So we have this preparation we’re doing with Belotero filler. There’s 1 milliliter that’s delivered in syringes and even though this has a lower chance of Tyndall effect, according to the studies and even acknowledged by some company executives from the competitive companies, I still like to bring the solution down to around 5 milligrams per deciliter.

So I’m taking basically our connector here and I’m going to put the… connect this and put the Belotero HA into roughly 3 milliliters which is gonna be one part product, 4 parts solution, if you will, and I have four milliliters… dividing that by 4 gives us 22.5 milligrams divided by 4 is in the 5 milligram per deciliter range which is where I feel like it’s optimal and then I’m just simply putting this in the solution. I don’t think you can do this too much. In fact, I’ll often have my assistant sort of sitting in the background doing this sort of mixing between the two syringes and making sure I don’t have any parts of the HA that are more concentrated.

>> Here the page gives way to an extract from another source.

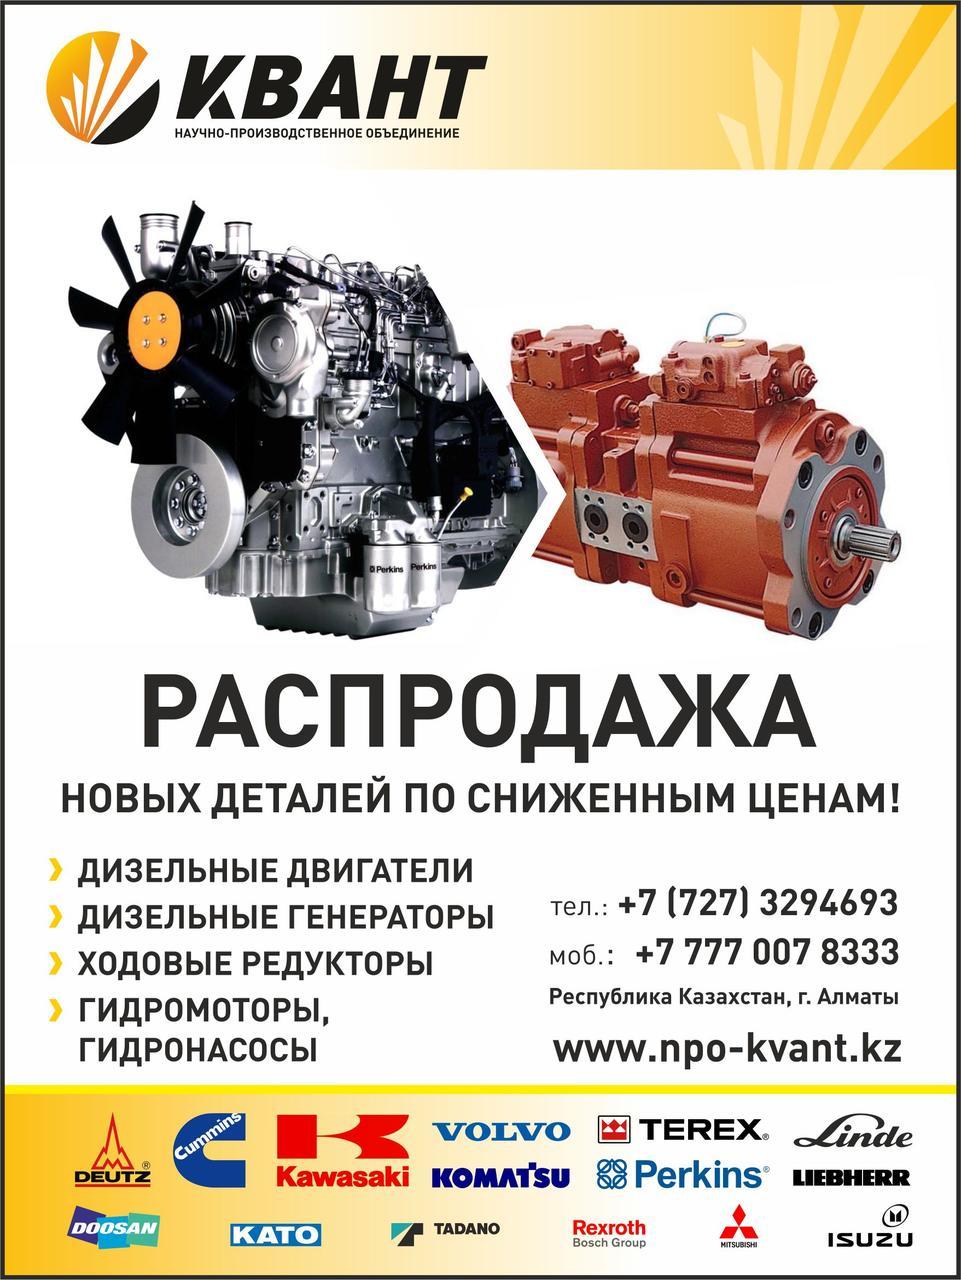 Двигатель Iveco C87 ENT X60, D20, PUC13 ENT D20, F32AM, F32AM1A, F32MN, F32MNSX00, F32MNSX01
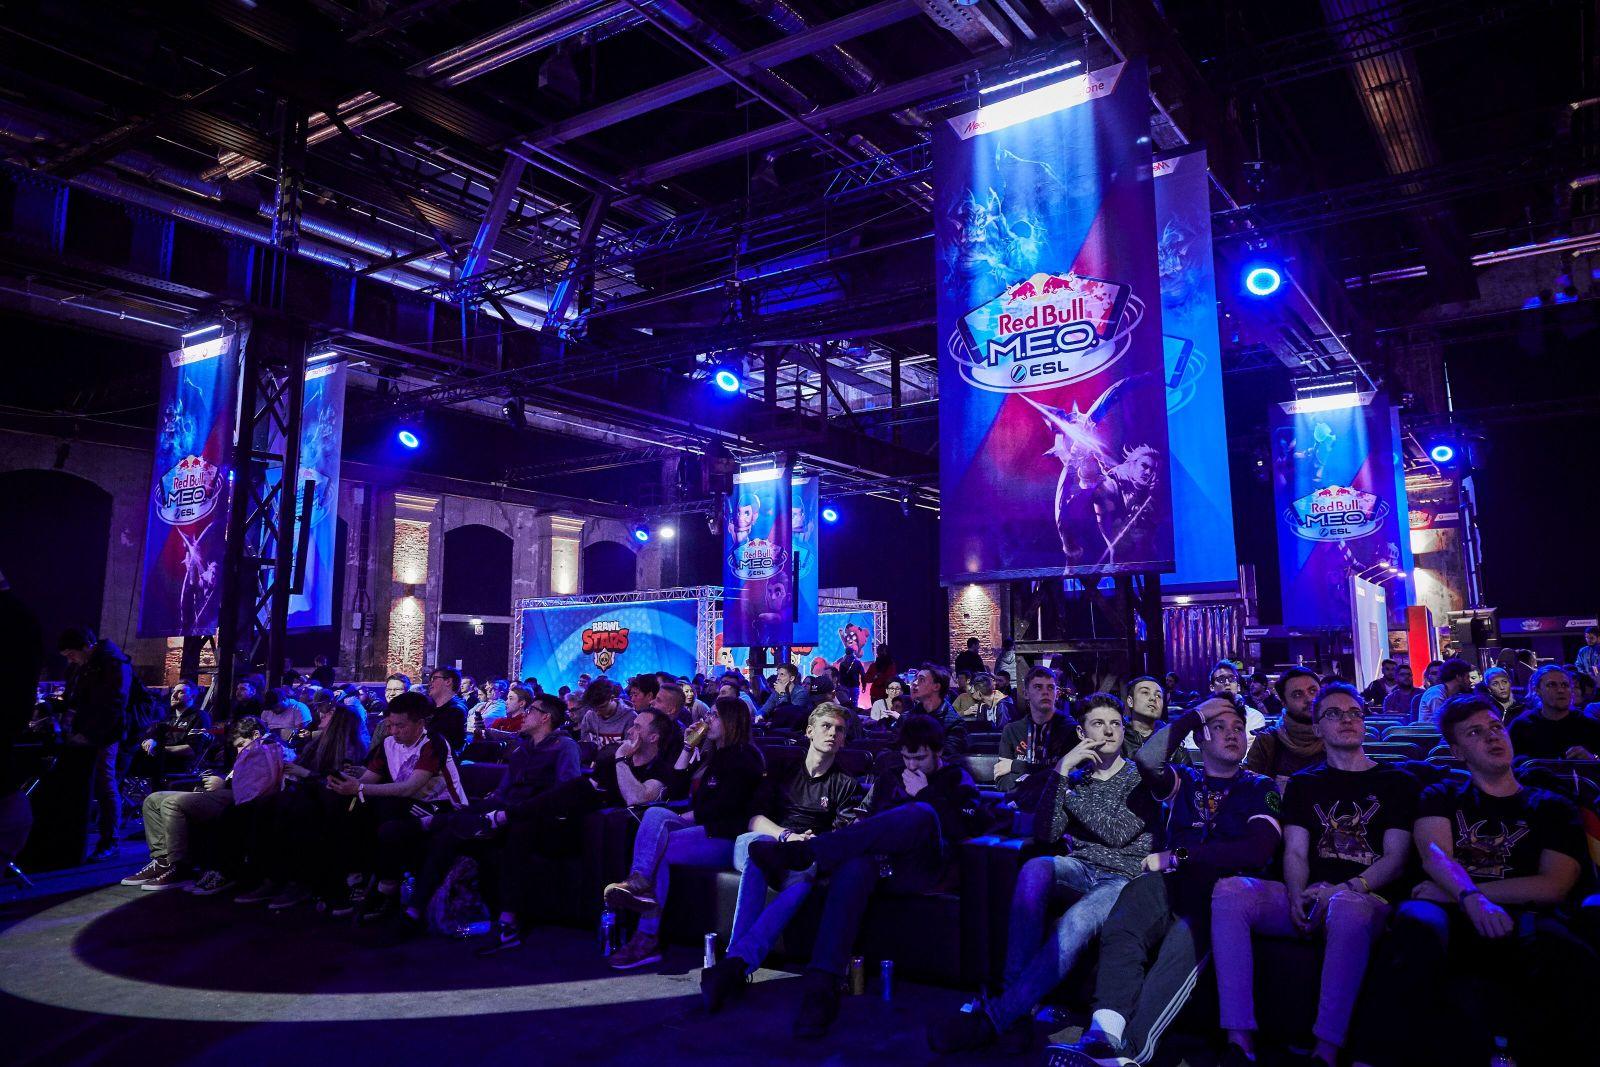 Red Bull M.E.O. hľadá najlepších hráčov Clash Royale a Hearthstone

And then I’m simply drawing it into my delivery syringe, it’s too hard in a big 5 milliliter syringe, and a 30 gauge needle which is really the key for fine lines. And these two little components been very successful for us in the absence of the Cosmoderm product which I think was obviously the ideal product for fine lines and I’m just going to draw this up in to the syringe. And the I’ll often have my assistant, actually, will just take a 1 milliliter BD syringe that’s got a screwed vessel for the needle on it, a locking vessel.

The key is getting intradermal. I should see a little wheel developing in the skin surface which is an indication that I am intradermal, and the more intradermal we are, the better effacement of the line it is. If I am sub-dermal or even deep dermal, what I’m going to do is push the line towards the surface and not really treat the line itself. And if it develops a little superficial wheel, I’m okay with that but as long as the line is effaced, that is the important thing. And so I’m just doing this with serial point.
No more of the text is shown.